The Financial Crimes Enforcement Network (FinCEN) released its Suspicious Activity Reporting (SAR) data for 2021 on Monday, March 28.
The report contains data by sector, state and type of filing since 2014 and provides valuable information to identify trends in defined suspicious activity that financial institutions (FIs) have filed with FinCEN, as required by the Secrecy Act banking.
FIs have a strong incentive to report suspicious activity because federal law provides them with full protection from civil liability if they report such activity in a timely manner and following the guidelines set forth in the law.
PYMNTS reviewed the data to identify key concerns related to customer identification and money laundering. FinCEN’s data covers eight sectors, but we’ve selected three, lending or finance companies, money services businesses (MSBs), and depository institutions.
For lending or finance companies, the first number that stands out is that 30% of reports nationwide (59,902) for suspicious activity refer to “questionable or fake ID”. This number rises to 40% if we add the problems related to “doubtful or false documents” and “identity theft”. Although not all identification issues are related to money laundering issues, it should be noted that reports for specific anti-money laundering (AML) issues such as “suspicious regarding source funds” doubled in 2021 (931) compared to 2020 (494) and tripled compared to 2019 (355), although the numbers are still low.
In the MSB category, issues related to identity are also of concern. While companies seem to have fewer problems when it comes to obtaining documents, identification problems have increased. In this regard, filings of “doubtful or false documents” fell by almost 50% from 2018 (43,735) to 2019 (23,688) and then remained stable.

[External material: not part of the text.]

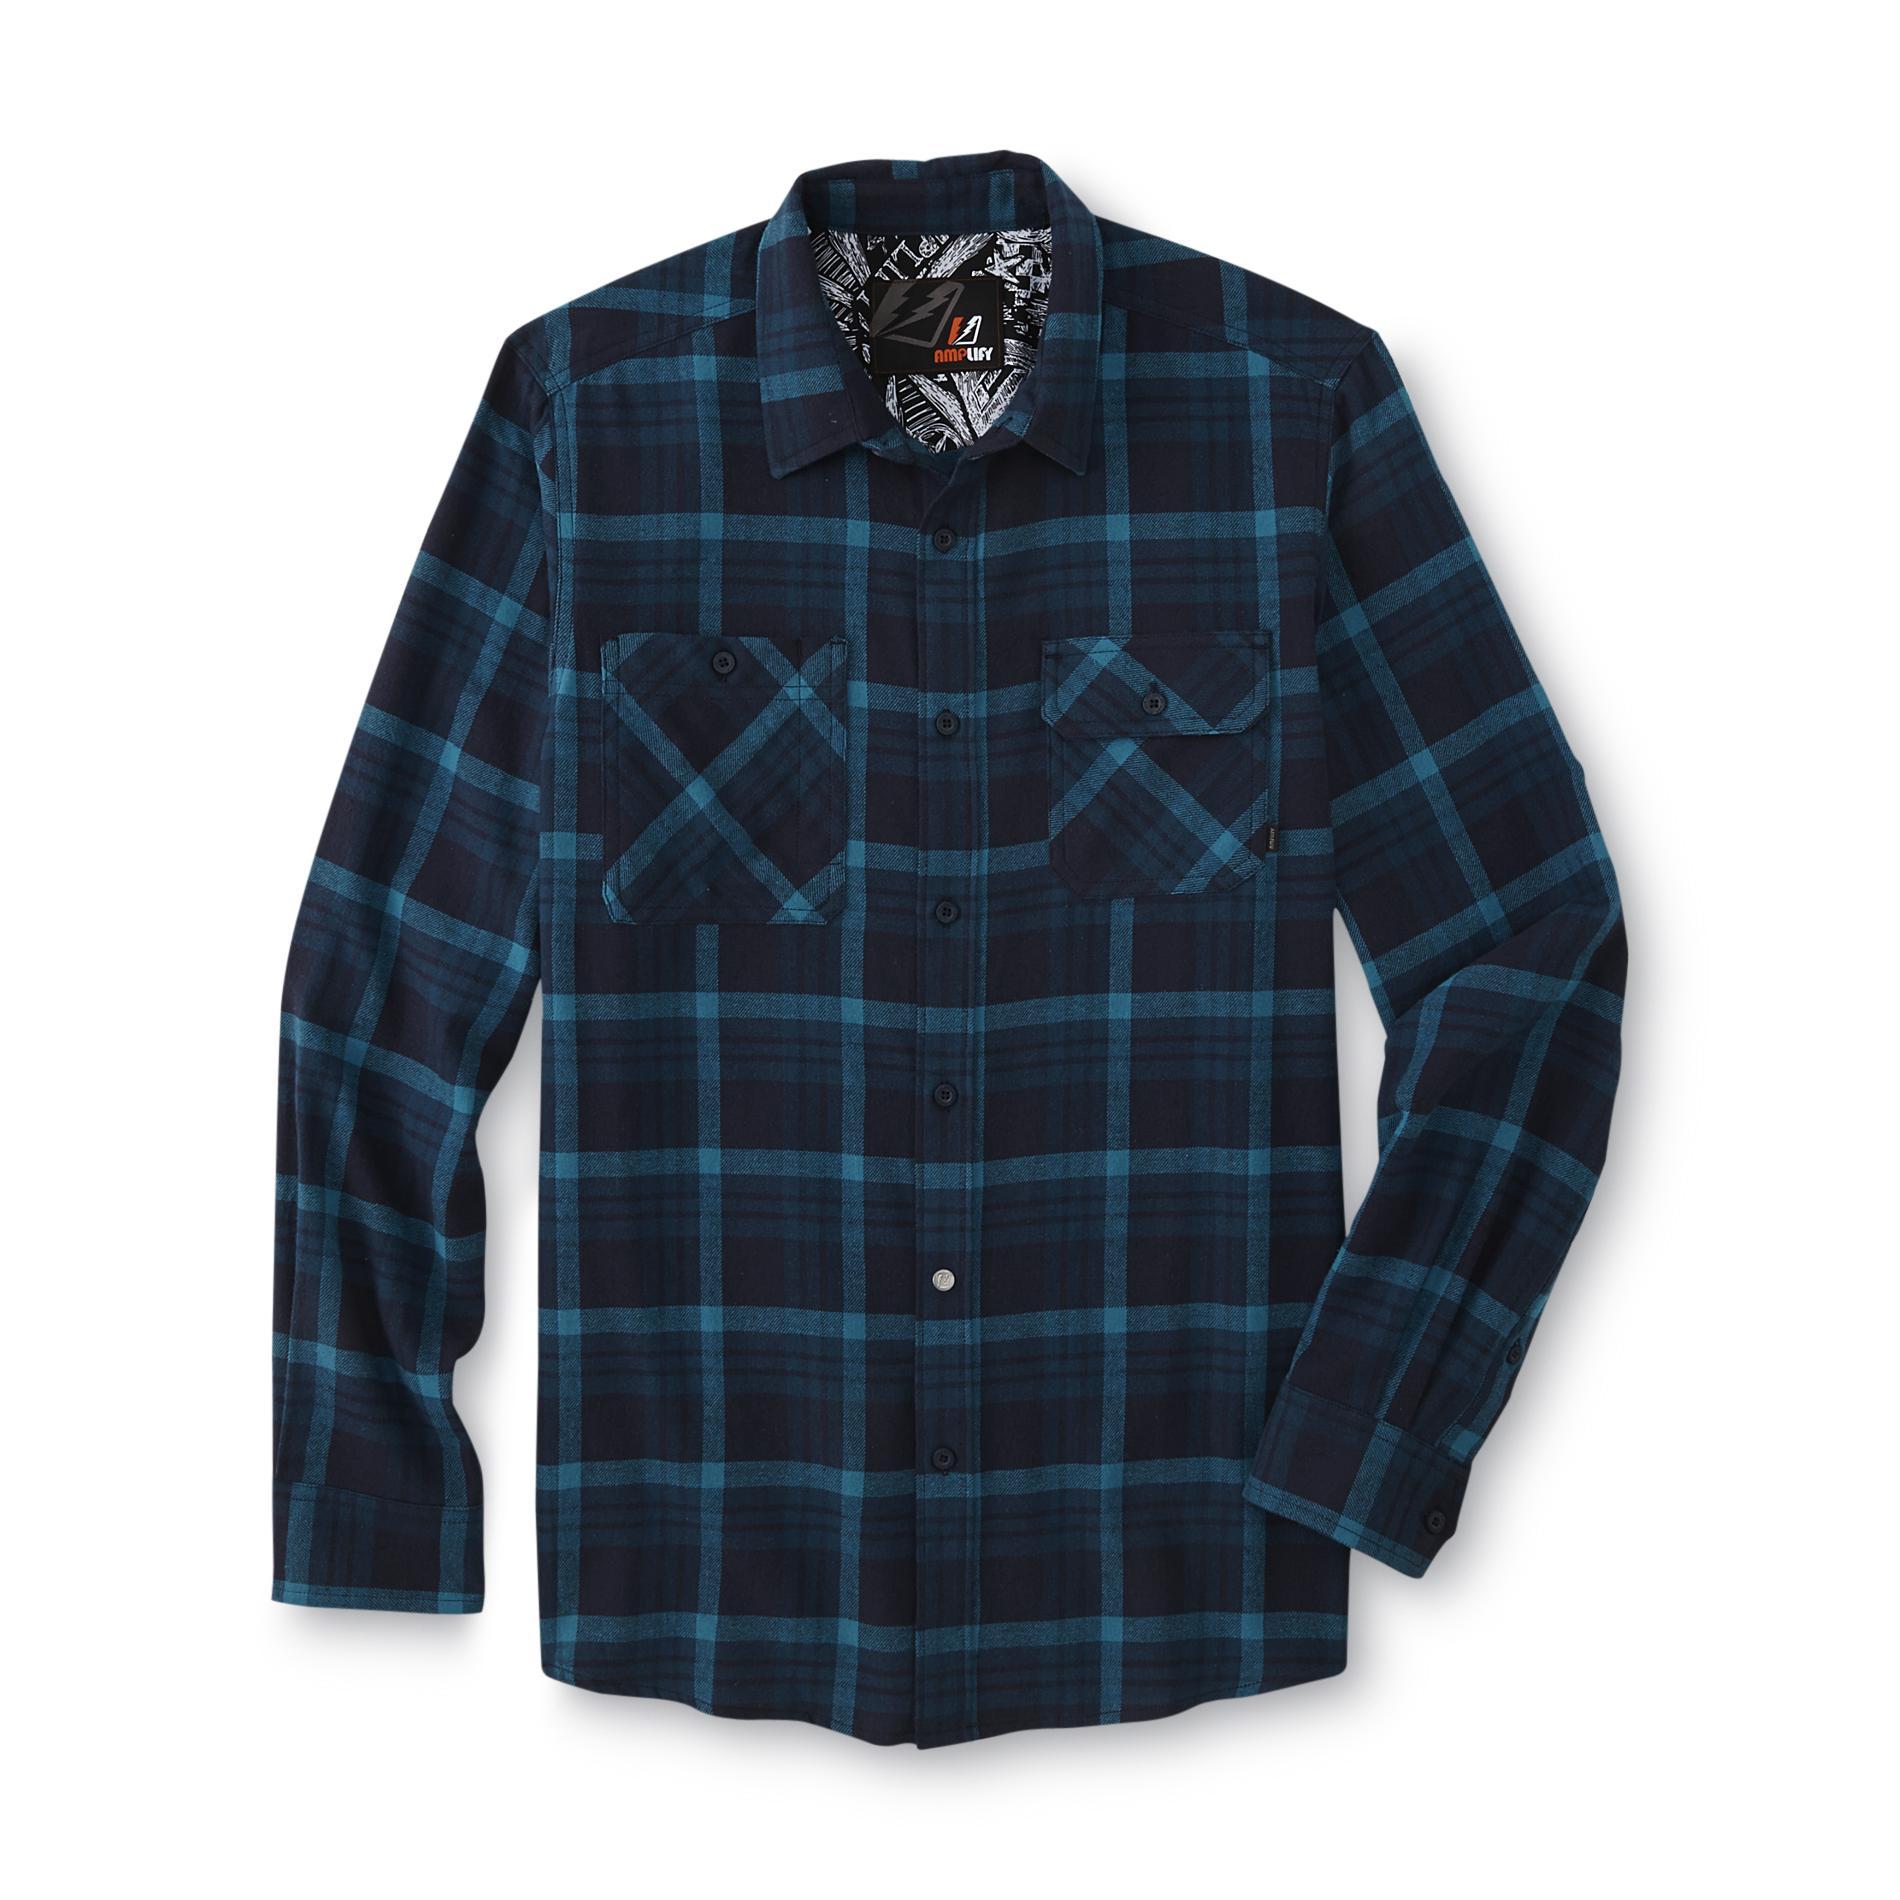 Amplify Young Men's Button-Front Shirt - Plaid

However, filings for “dubious or false identification” rose from 2,074 in 2018 to 14,432 in 2019, and then increased slightly. Most notably, reports of “suspects regarding source of funds” increased by more than 150%, from 60,069 cases in 2020 to 100,260 cases in 2021.
For deposit-taking institutions, the table is slightly different from the other two. In absolute numbers, these institutions submit more reports, but the data suggests that these companies report more money laundering activity. For example, the top priority or most common concern is “suspicious about the source of funds” for almost 10% of total deposits, and the next top activities are also related to anti-money laundering, such as transactions below the Currency Transaction Reporting (CTR) thresholds, transactions with no apparent economic or business purpose, or off-pattern transactions for clients. Requests for questionable identification or documents have remained stable or even decreased in recent years.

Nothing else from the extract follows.